Is Complying with PCI DSS Mandatory?
PCI DSS is a standard, not a law. However, it is enforced through contracts between merchants, payment brands, and banks. To avoid fines and other repercussions, all service providers and merchants that process, transmit, or store cardholder data must comply with PCI DSS.
What are the Penalties for PCI DSS Non-Compliance?
Non-compliance with PCI DSS can lead to a firm being penalized between €4,300 and €86,000 per month until they are compliant.
Banks may also impose fees or make their transactions more costly. And the card brand may seek compensation for costs incurred due to the security incident. These costs could be as much as €4700 to €9500 per month.
PCI DSS Compliance Resources
8. PSD 2
The EU’s Payment Services Directive is a European regulation for electronic payment services. It aims to make payments more secure in Europe, help banking services adapt to emerging technologies, and boost innovation. It has helped banks open their payment services to Third-Party Payment Services Providers.
The original PSD began in 2007. 2013s PSD2 considers two developments that changed the landscape of payment processing: Account Information Services (AIS), which allowed customers to view their financial situation efficiently, and Payment Initiation Services (PIS), which facilitated online banking to make online payments.

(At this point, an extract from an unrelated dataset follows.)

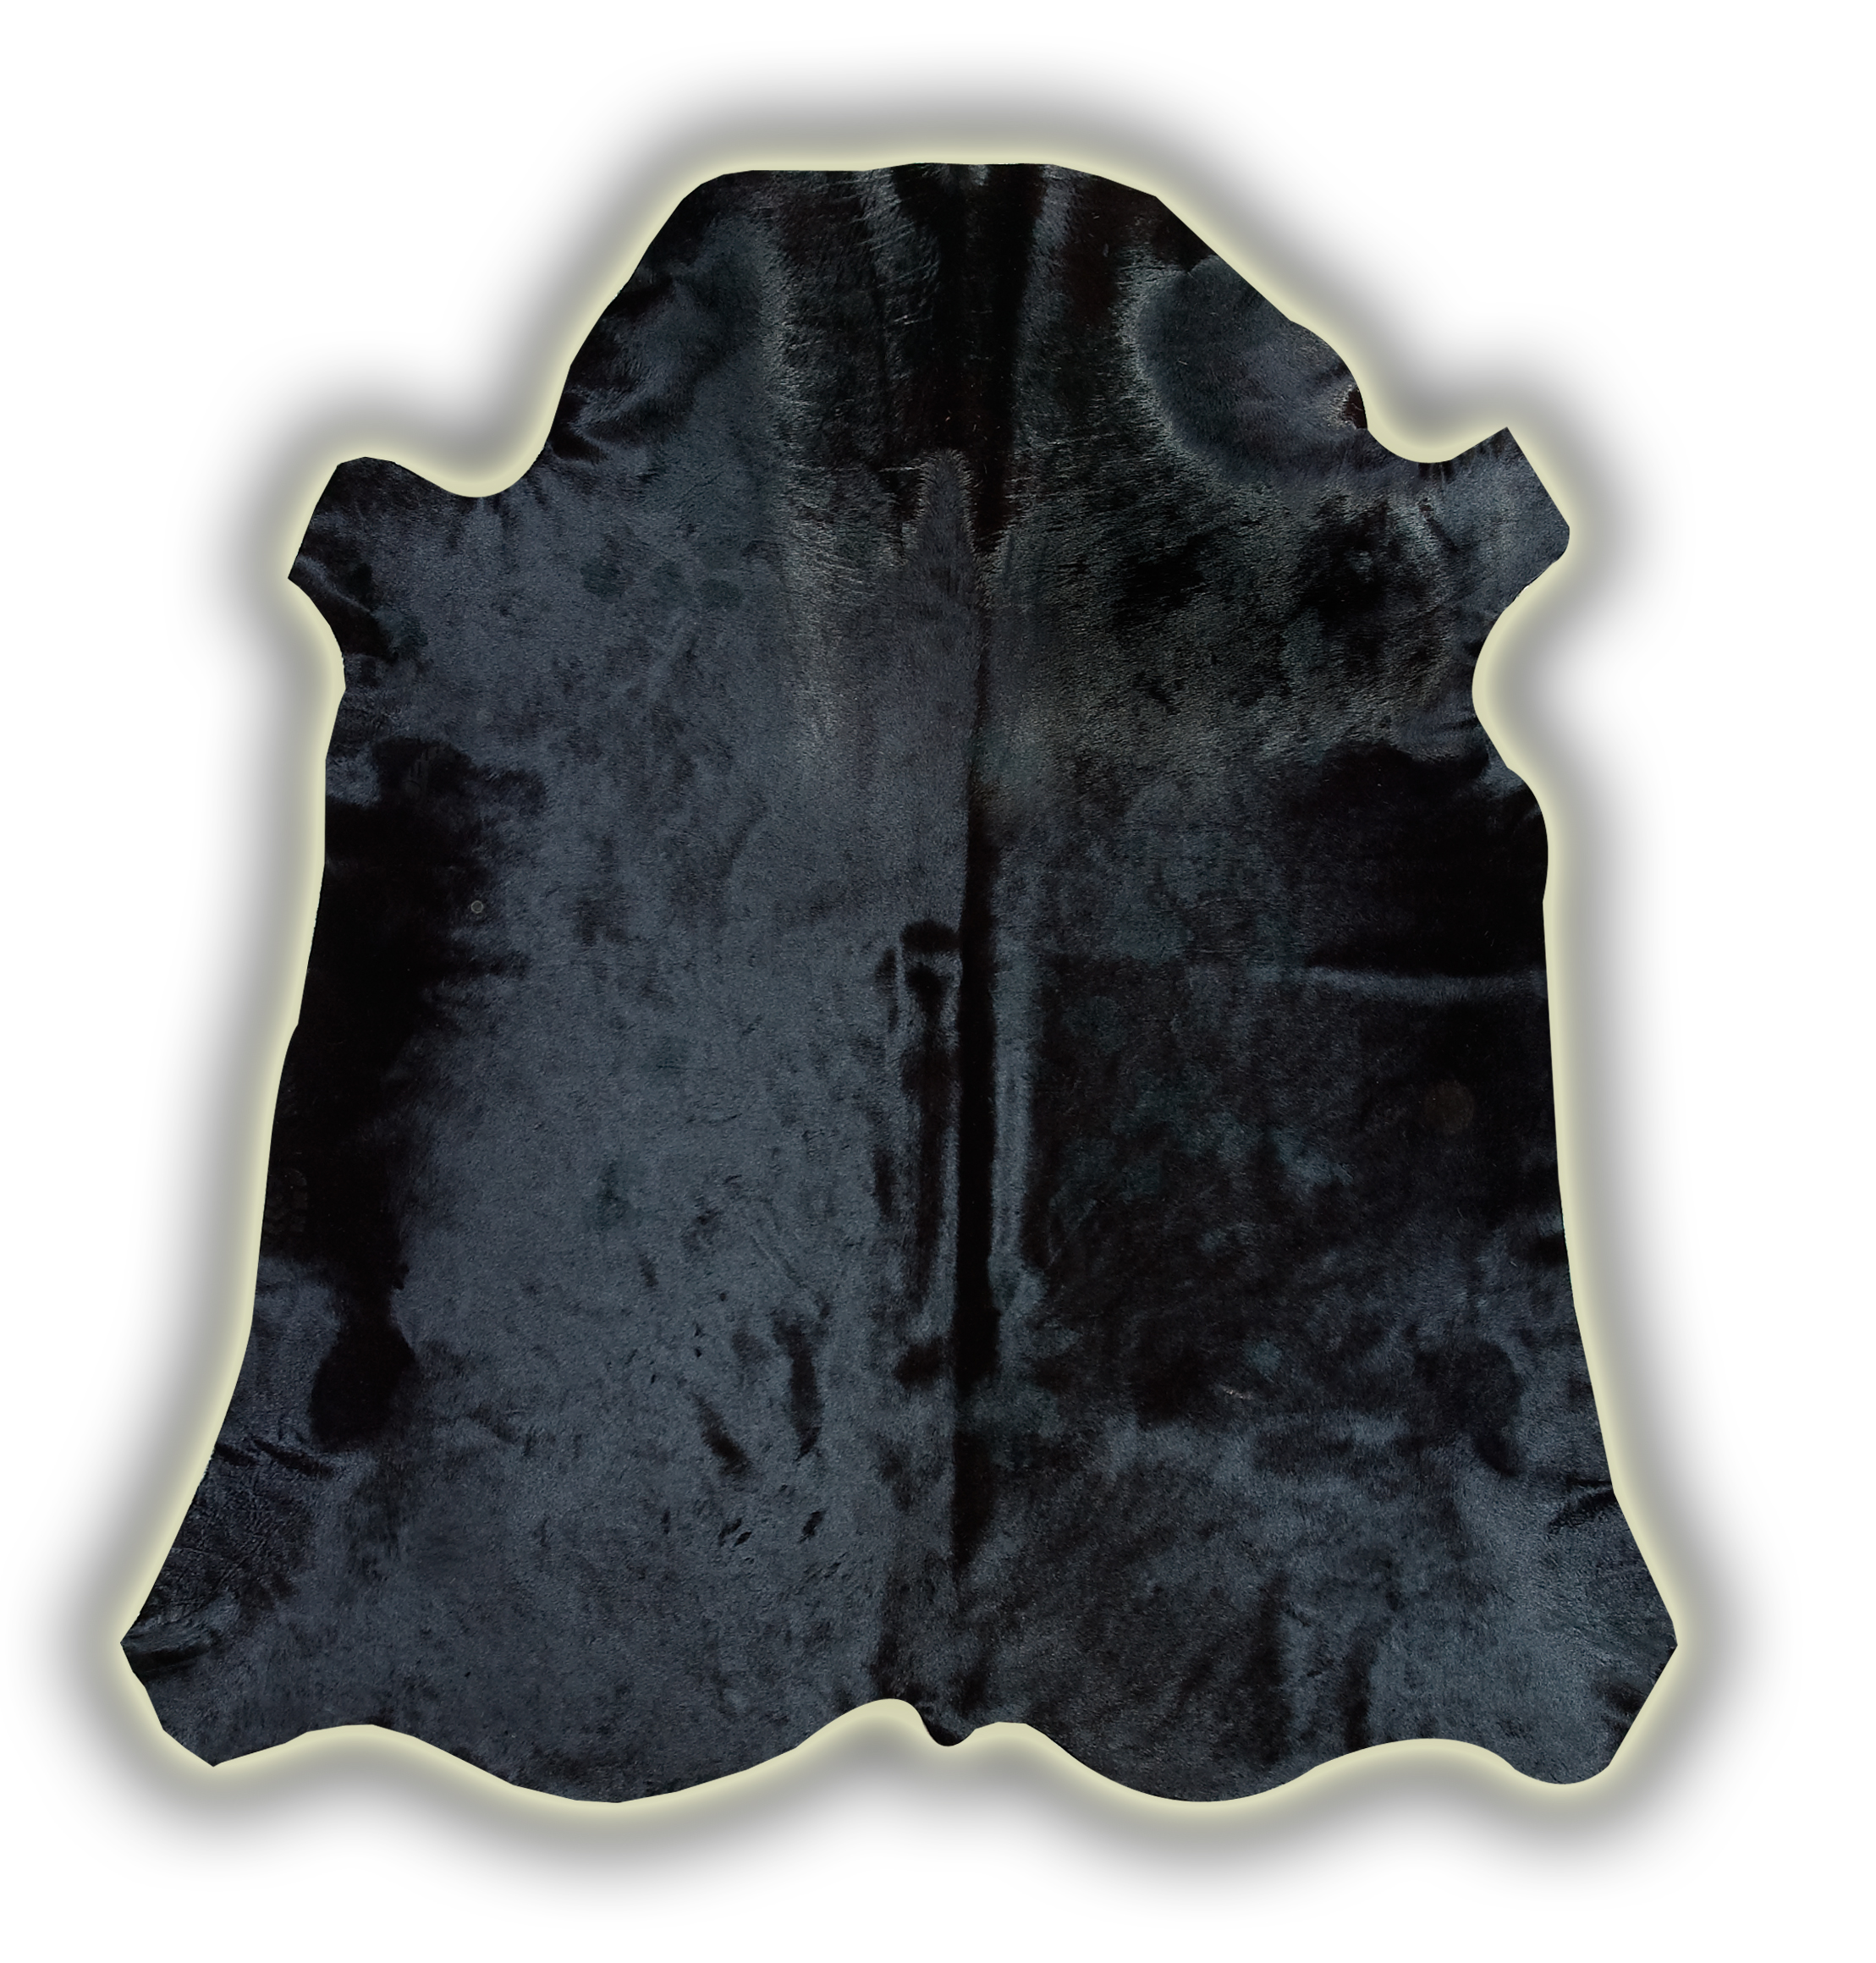 Skóra krowia w kolorze czarnym

After some delays, PSD2 finally went into force in September 2019, including regulations to protect online payments, using strong authentication, such as multi-factor authentication, and improving customer data security.
Is Complying with PSD2 Mandatory?
Yes, PSD2 is mandatory in the EU and the European economic area. Companies must apply for a license to become a payment initiation service provider (PISP) or an account information service provider (AISP).
What are the Penalties for PSD2 Non-Compliance?
Potential penalties for PSD2 non-compliance are significant. An entity can be fined 4% of its total turnover, depending on which penalty is more.